Problem to solve
Could you retype the lines below, starting at the line holding "Appartamento in vendita" and stopping at the line holding "Free App UI PSD", inclusive? Copy them exactly and drop the images.

Supplied material
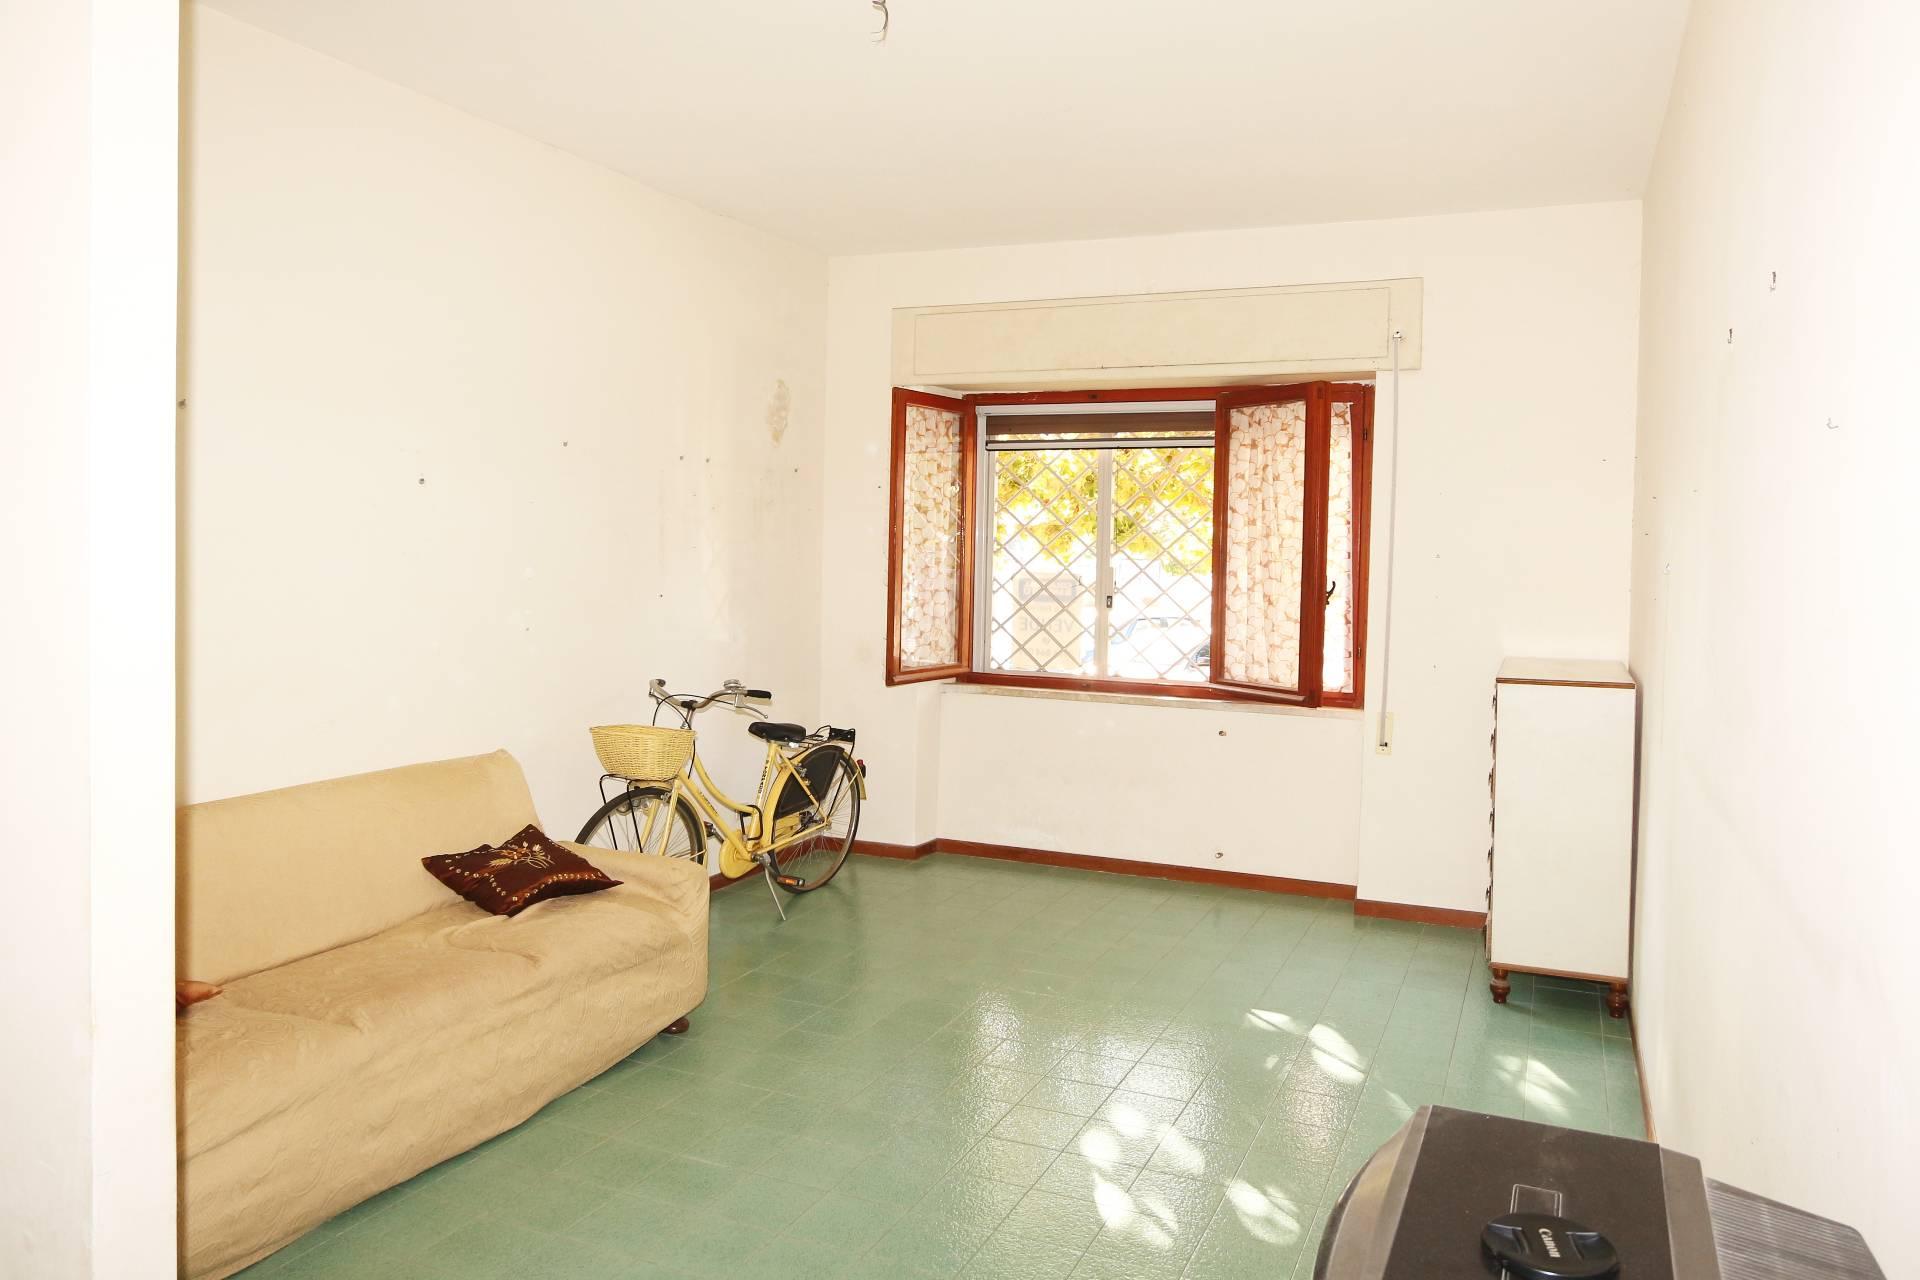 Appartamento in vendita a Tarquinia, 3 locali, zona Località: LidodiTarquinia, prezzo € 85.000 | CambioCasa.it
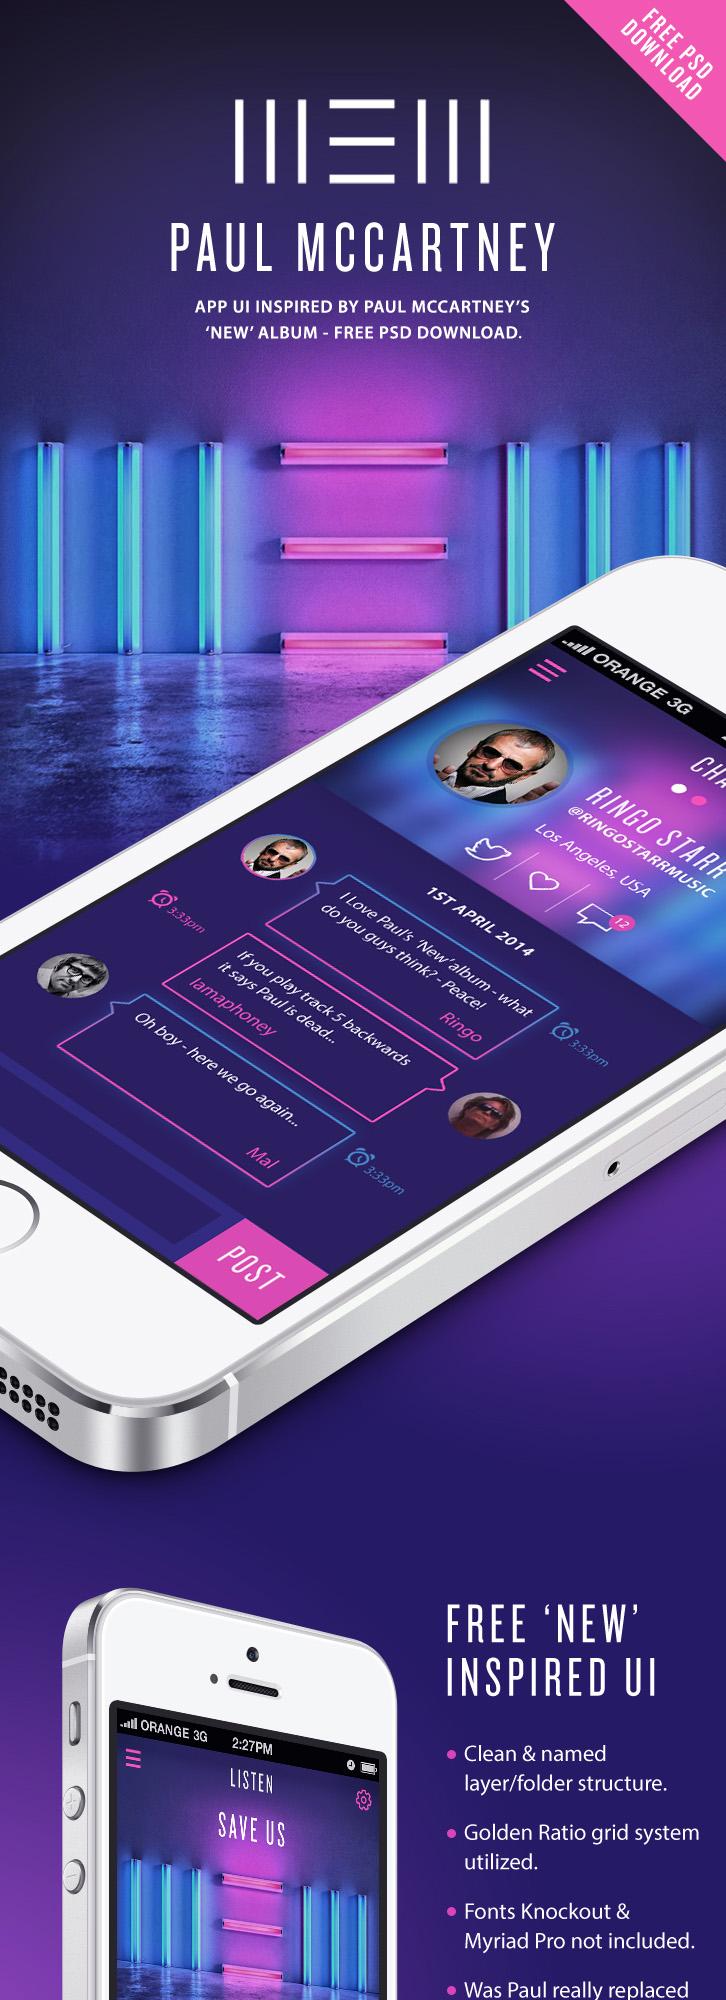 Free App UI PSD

* * *

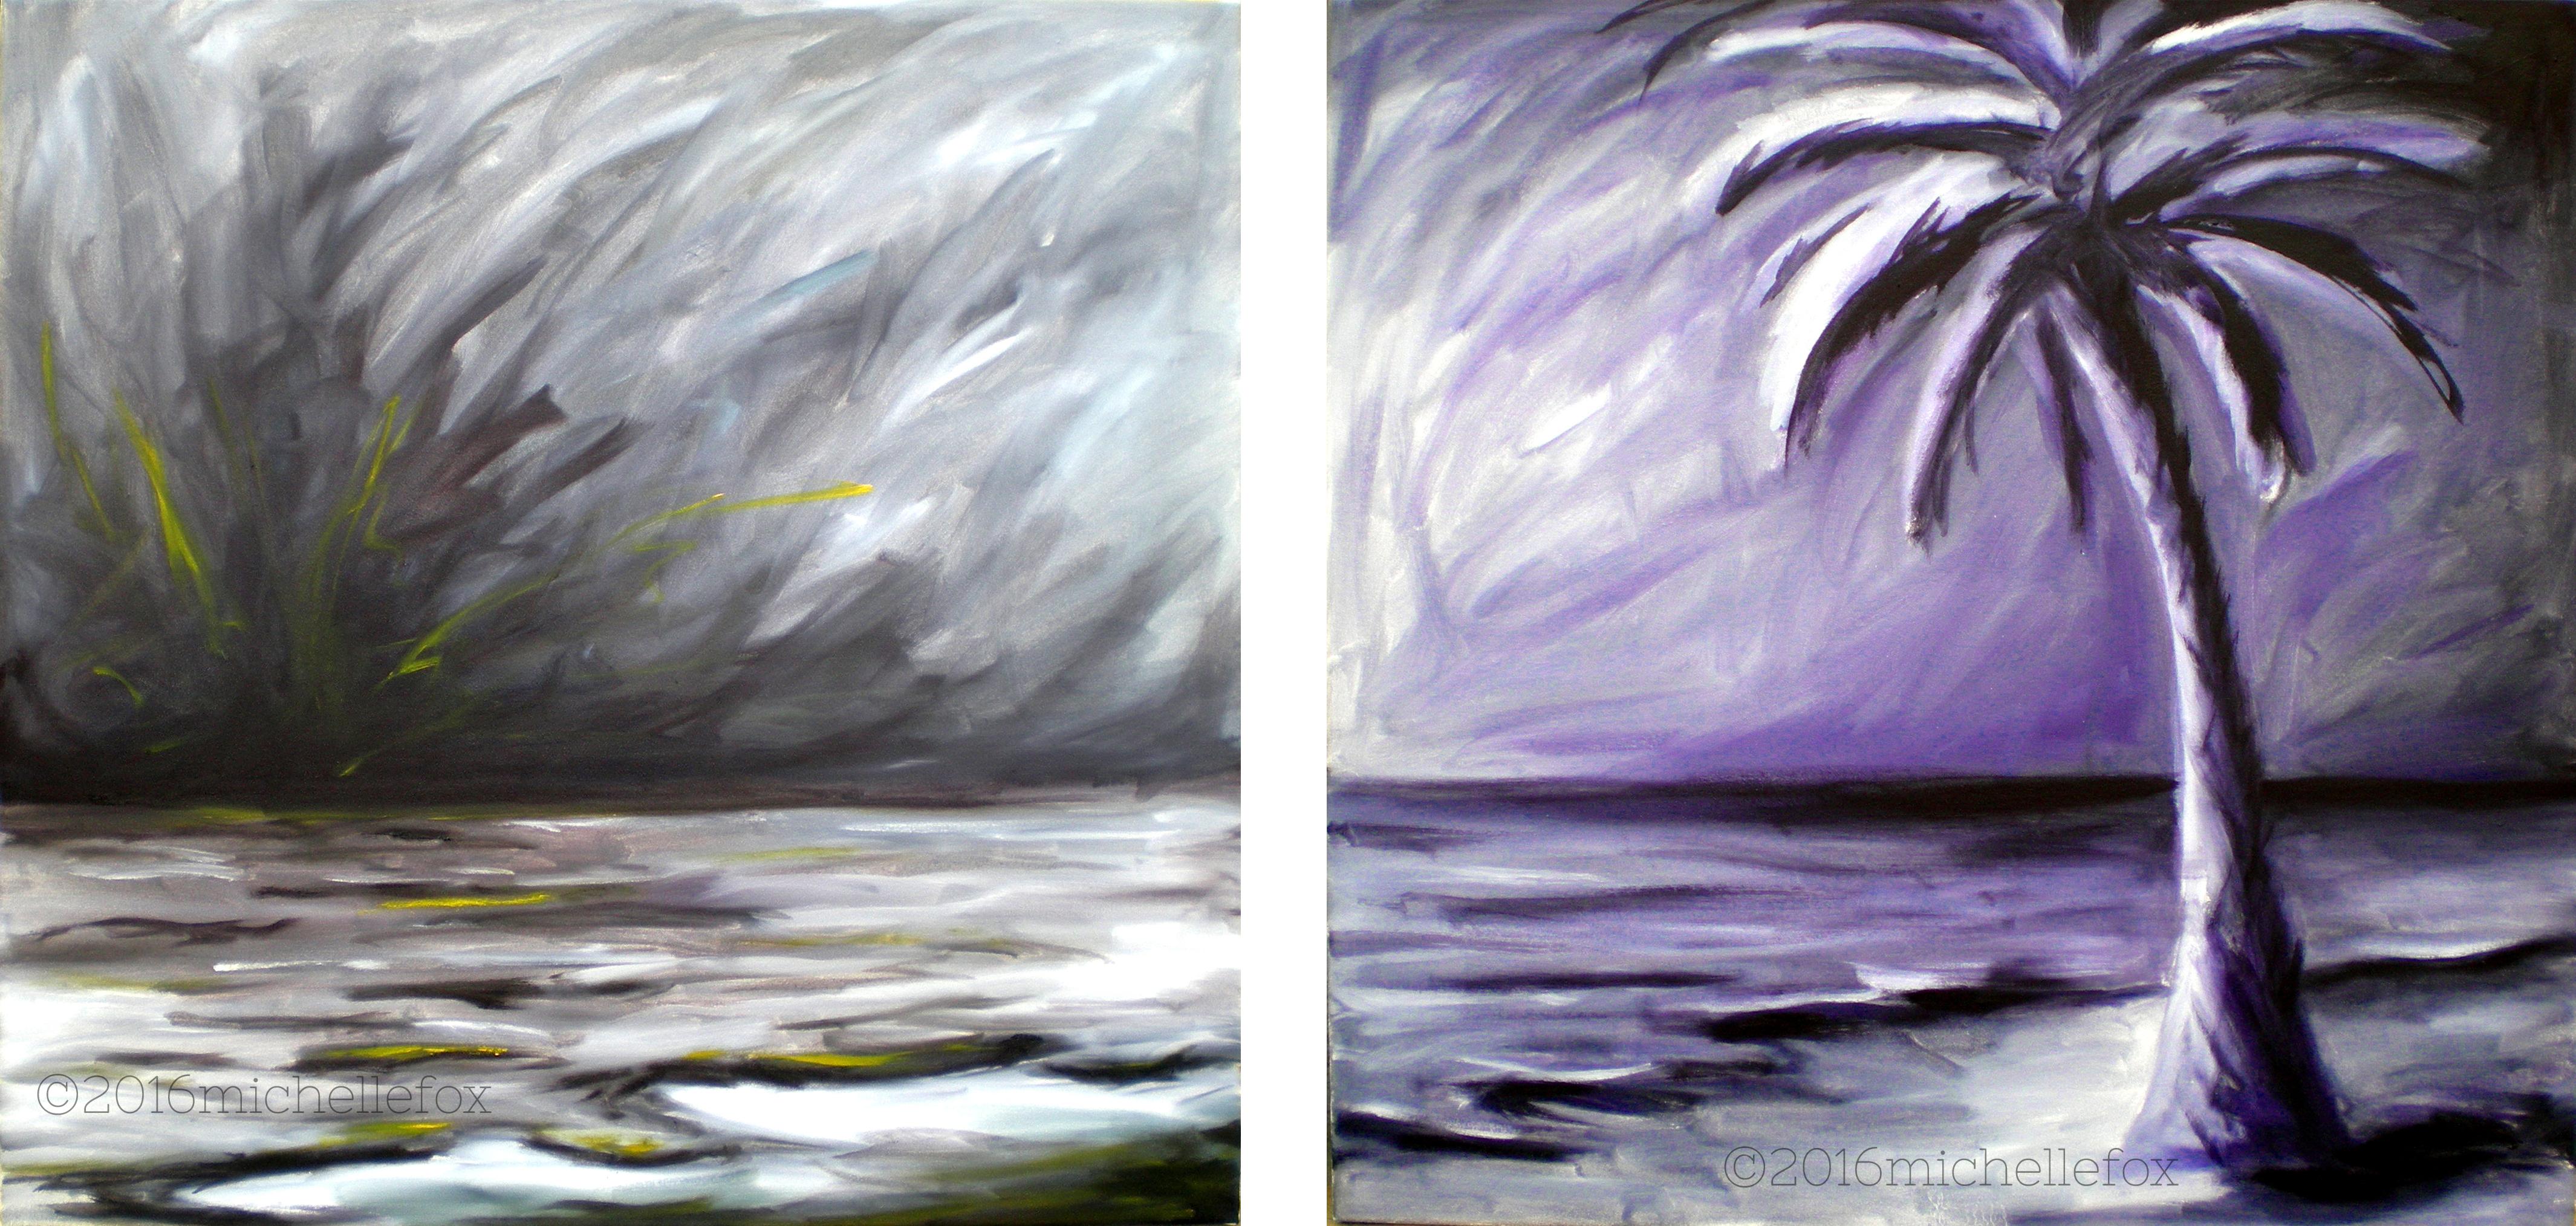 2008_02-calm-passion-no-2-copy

--

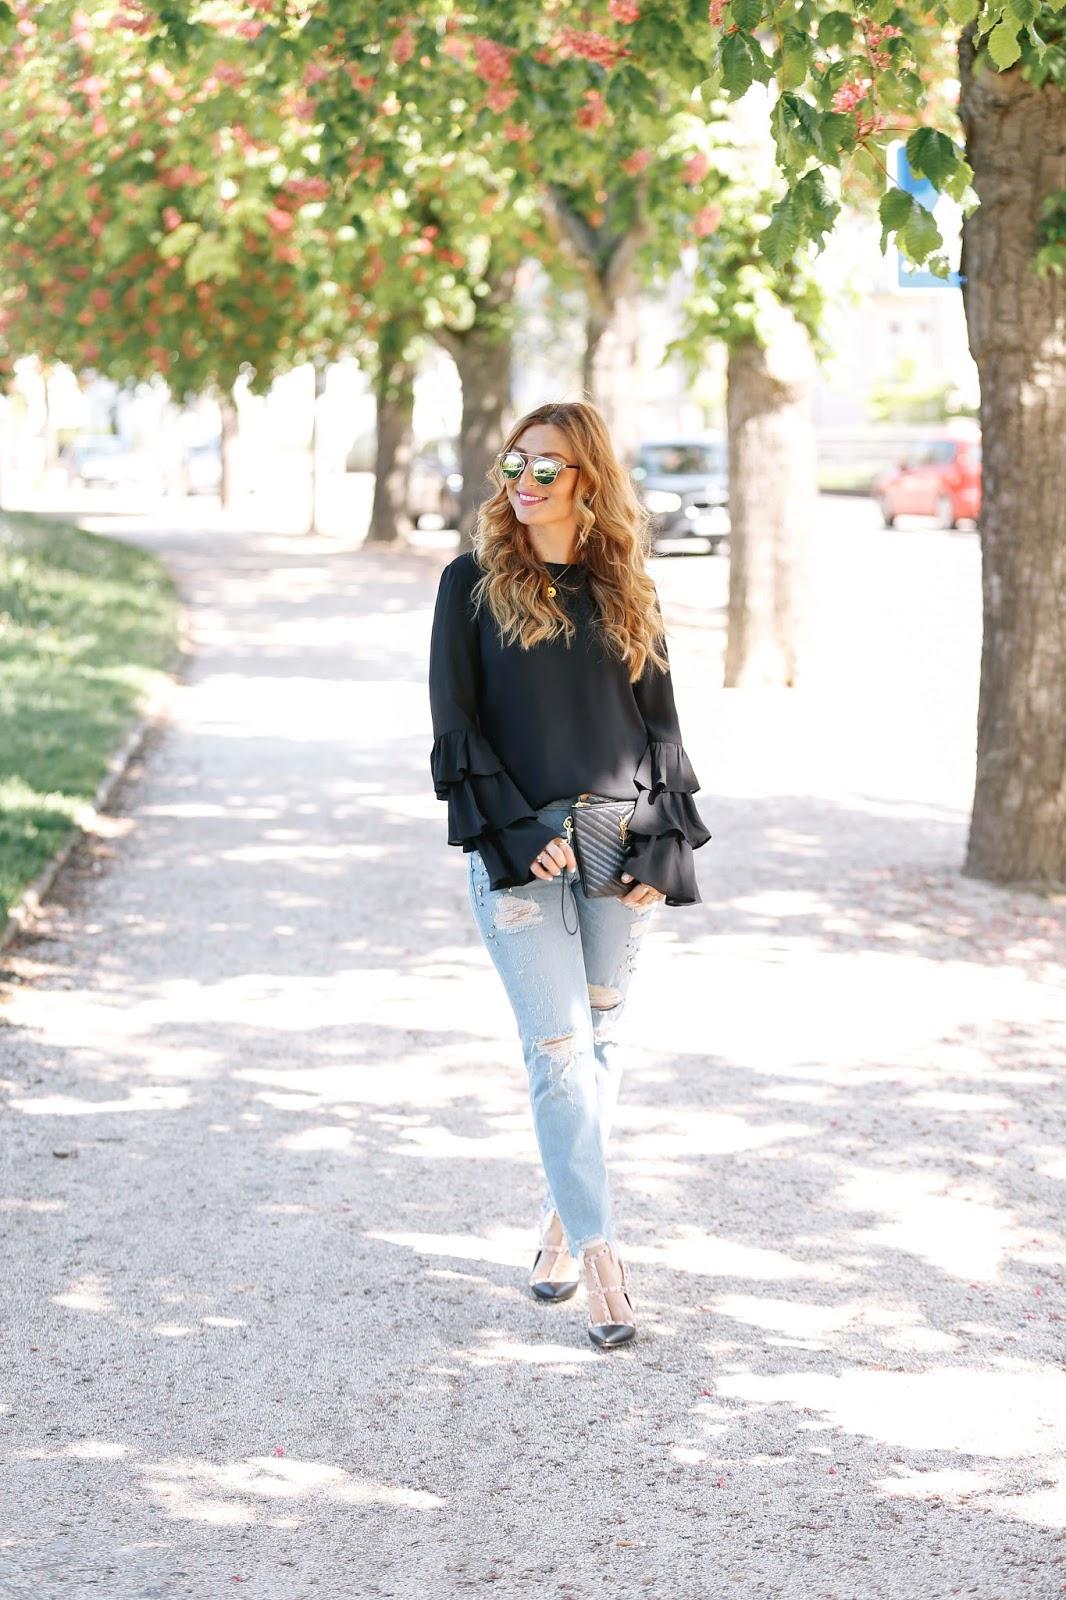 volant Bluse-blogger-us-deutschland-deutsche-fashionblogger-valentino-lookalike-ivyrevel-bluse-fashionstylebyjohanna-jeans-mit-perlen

The completed task
 Appartamento in vendita a Tarquinia, 3 locali, zona Località: LidodiTarquinia, prezzo € 85.000 | CambioCasa.it
 Free App UI PSD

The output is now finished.